Iranian President Hassan Rouhani on Tuesday delivered his first English-language TV message to the American people in an interview with CNN's Christiane Amanpour.
"I would like to say to American people: I bring peace and friendship from Iranians to Americans," he said.
Rouhani is in many ways the "it" man of this U.N. General Assembly, where Western leaders are trying to gauge whether his diplomatic overtures will translate into concrete policy changes.
He has recently exchanged letters with U.S. President Barack Obama, and there had been suspicion brewing in diplomatic circles that the two leaders would meet face-to-face, informally, at the United Nations in New York.
"There were some talks about it," Rouhani told Amanpour through a translator. "And preparation for the work was done a bit as well."
"The United States declared its interest in having such a meeting, and in principle Iran could have under certain circumstances allowed for it to happen," he said. "But I believe we didn't have sufficient time to really coordinate the meeting to the full extent that we needed to."
Two senior U.S. administration officials told CNN on Tuesday that the encounter was called off because it was considered "too complicated" for Iran back home.
Complicated domestic politics or not, the Iranian president made clear that he has full permission from Iran's supreme leader, Ayatollah Ali Khamenei, to negotiate with the West.
"I think that the president of Iran has the authority whenever the national interest of the country is involved," Rouhani told Amanpour. "The supreme leader of Iran has said that should negotiations be necessary for the national interest of the country, he is in fact not opposed to it."
"Now, if an opportunity was created today, had arisen today," the Iranian president said, "and the prep work for that had been done, most probably the talks would have haven taken place, primarily focused on the nuclear issue or the developments on the Middle East. Therefore the supreme leader, I can tell you, has given permission for my government to freely negotiate on these issues."
Rouhani stands in stark contrast to his predecessor, Mahmoud Ahmadinejad, who used his speeches at the U.N. to spew rhetoric; he was famous for his questioning of the Holocaust.

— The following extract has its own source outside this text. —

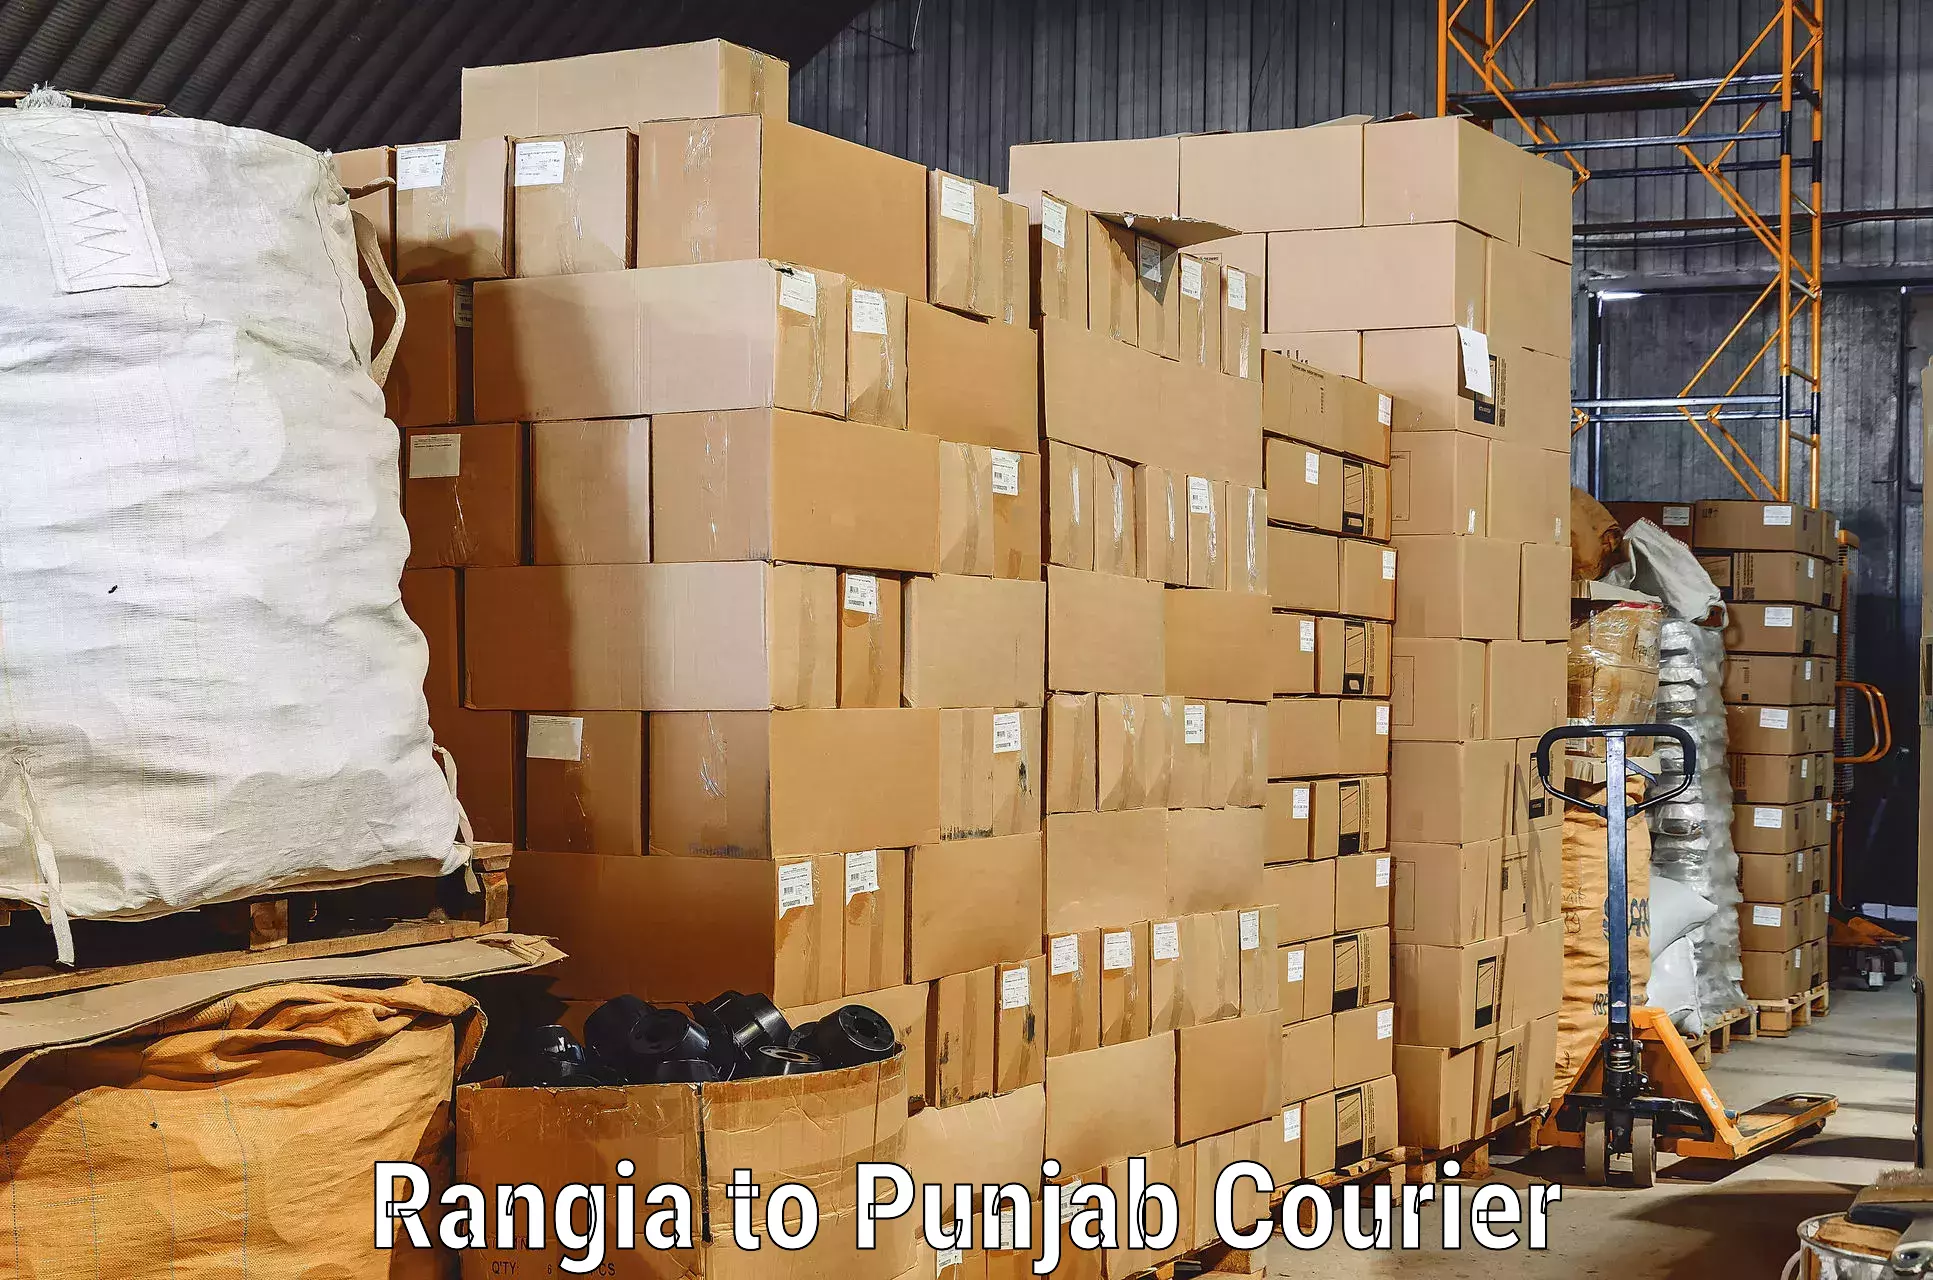 Furniture transport experts Rangia to Punjab

"I have said before that I am not a historian, and that when it comes to speaking of the dimensions of the Holocaust it is the historians that should reflect on it," Rouhani told Amanpour. "But in general I can tell you that any crime that happens in history against humanity, including the crime the Nazis committed towards the Jews, as well as non-Jewish people, was reprehensible and condemnable as far as we are concerned."